This project focuses on forecasting stock price volatility using various GARCH (Generalized Autoregressive Conditional Heteroskedasticity) models in R. By leveraging time series analysis techniques and volatility forecasting tools, we aim to provide accurate and insightful predictions of stock market volatility.
- Data collection and preprocessing: Obtain historical stock price data for the target stocks, clean the data, and ensure consistency.
- Exploratory data analysis: Visualize the stock price trends, identify patterns, and analyze statistical characteristics.

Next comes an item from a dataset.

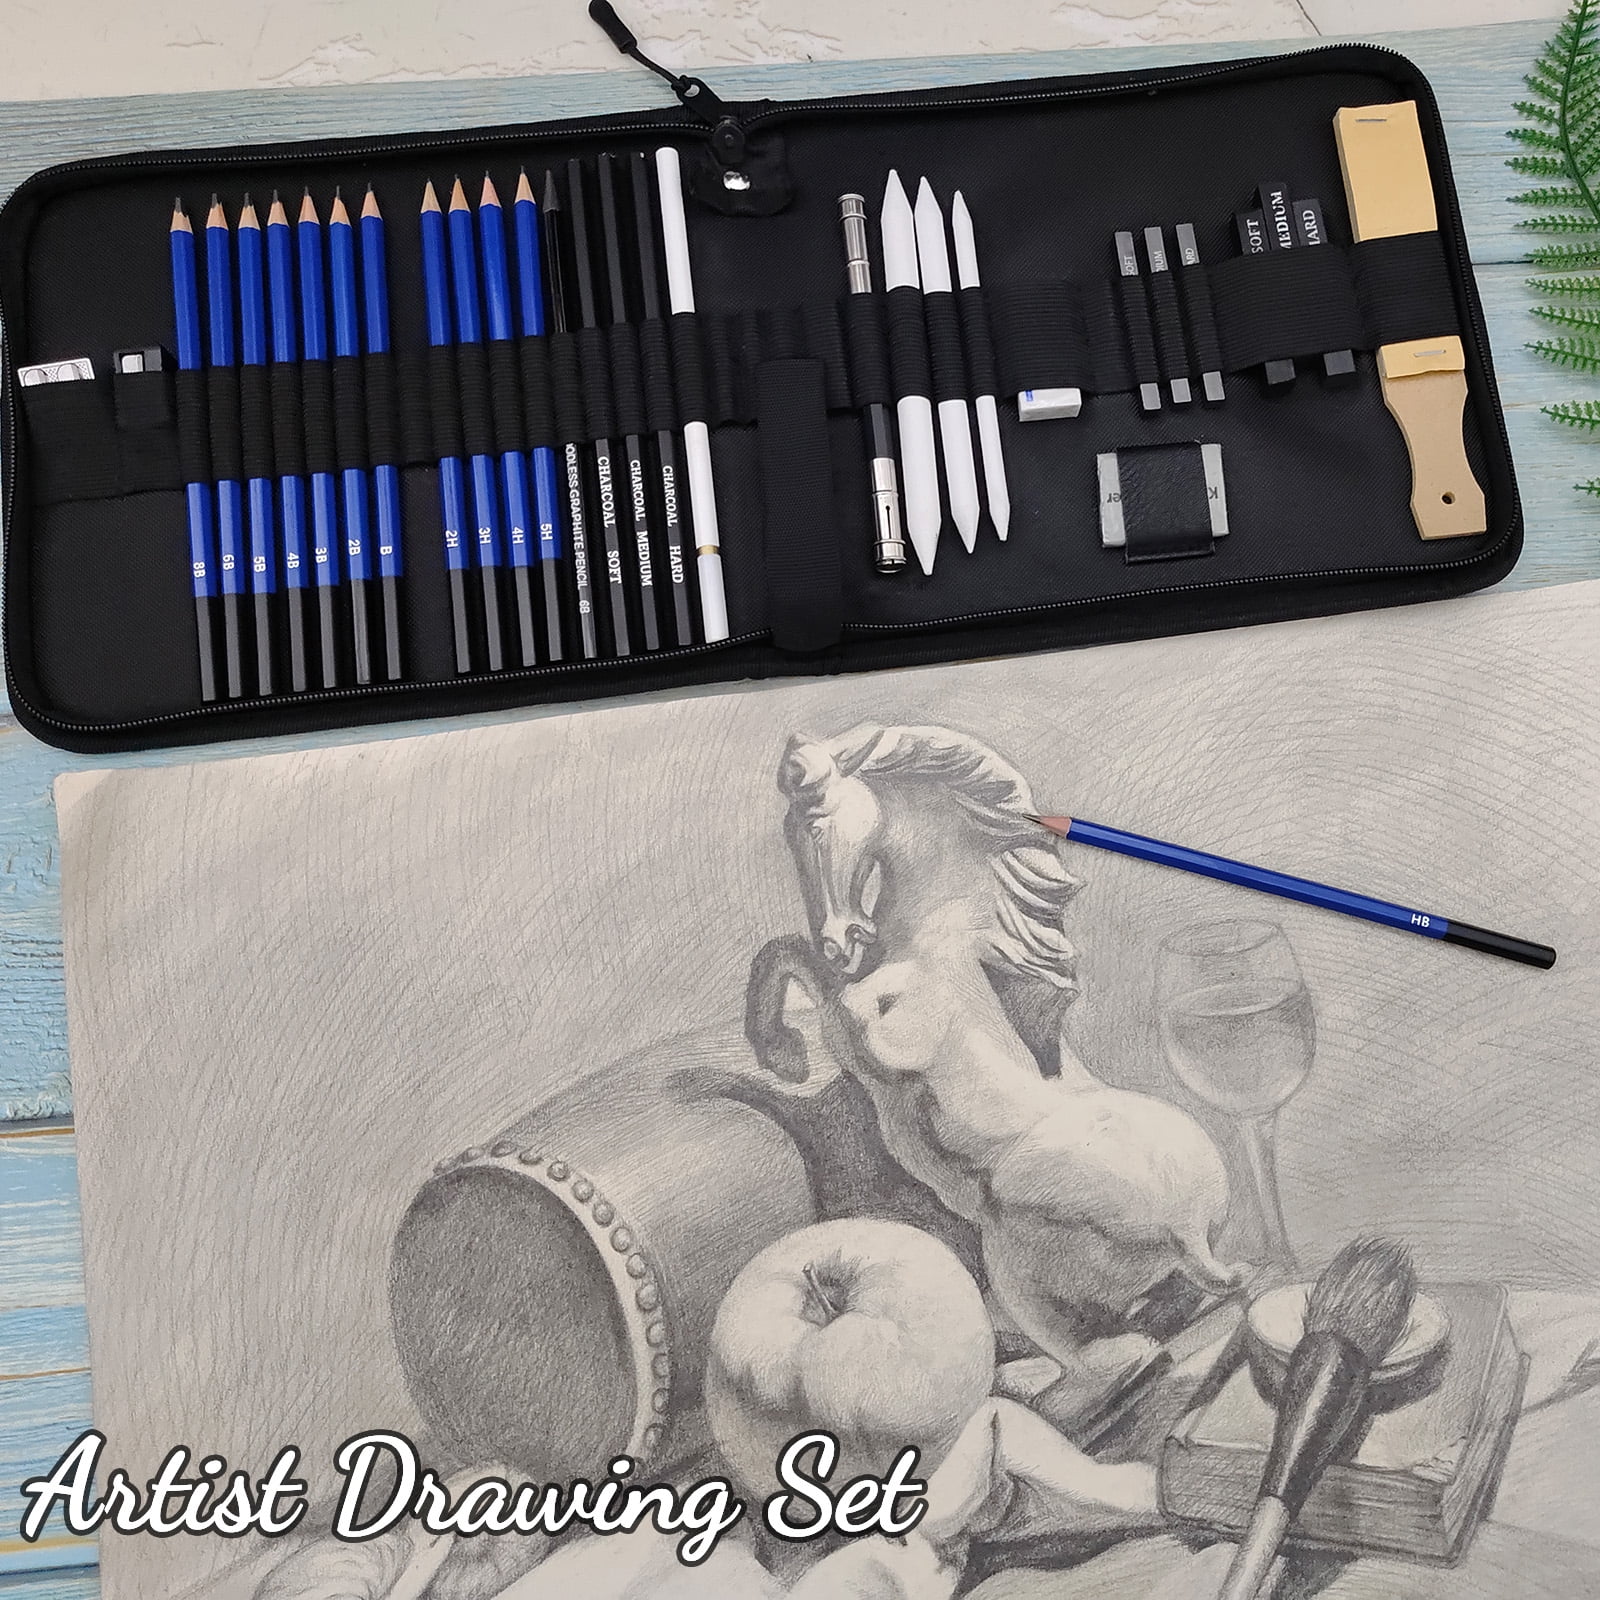 Vobou 72pcs Art Supplies Set, Colored Drawing Pencils Art Kit- Sketching,  Graphite Pencils With Portable Case, Ideal School Art Supplies for Artists

- GARCH model selection: Experiment with different GARCH variants such as GARCH(1,1), GARCH-M, EGARCH, etc., to determine the best-fitting model.
- Model estimation and evaluation: Estimate the chosen GARCH models, evaluate their performance, and compare their forecasting accuracy.
- Volatility forecasting: Generate future volatility forecasts using the selected GARCH model, providing insights for risk management and trading strategies.
- Visualization and interpretation: Present the results using informative plots and graphs to aid in understanding the volatility dynamics of the target stocks.
- Install the required packages specified in the project's dependencies section.
- Fetch the historical stock price data or use the provided dataset.
- Preprocess the data, ensuring data quality and consistency.
- Run the analysis scripts, including GARCH model estimation, evaluation, and volatility forecasting.
- Interpret and visualize the results using appropriate plots and graphs.
- Customize and experiment with different GARCH model variants or additional time series techniques.
- Document your findings, insights, and conclusions based on the analysis.
- Feel free to contribute improvements, bug fixes, or additional analysis methods to enhance the project.
- R version 3.x or higher
- Required R packages:
quantmod
,rugarch
,forecast
,ggplot2
, and any additional packages specified in the project's scripts.
This project is licensed under the MIT License.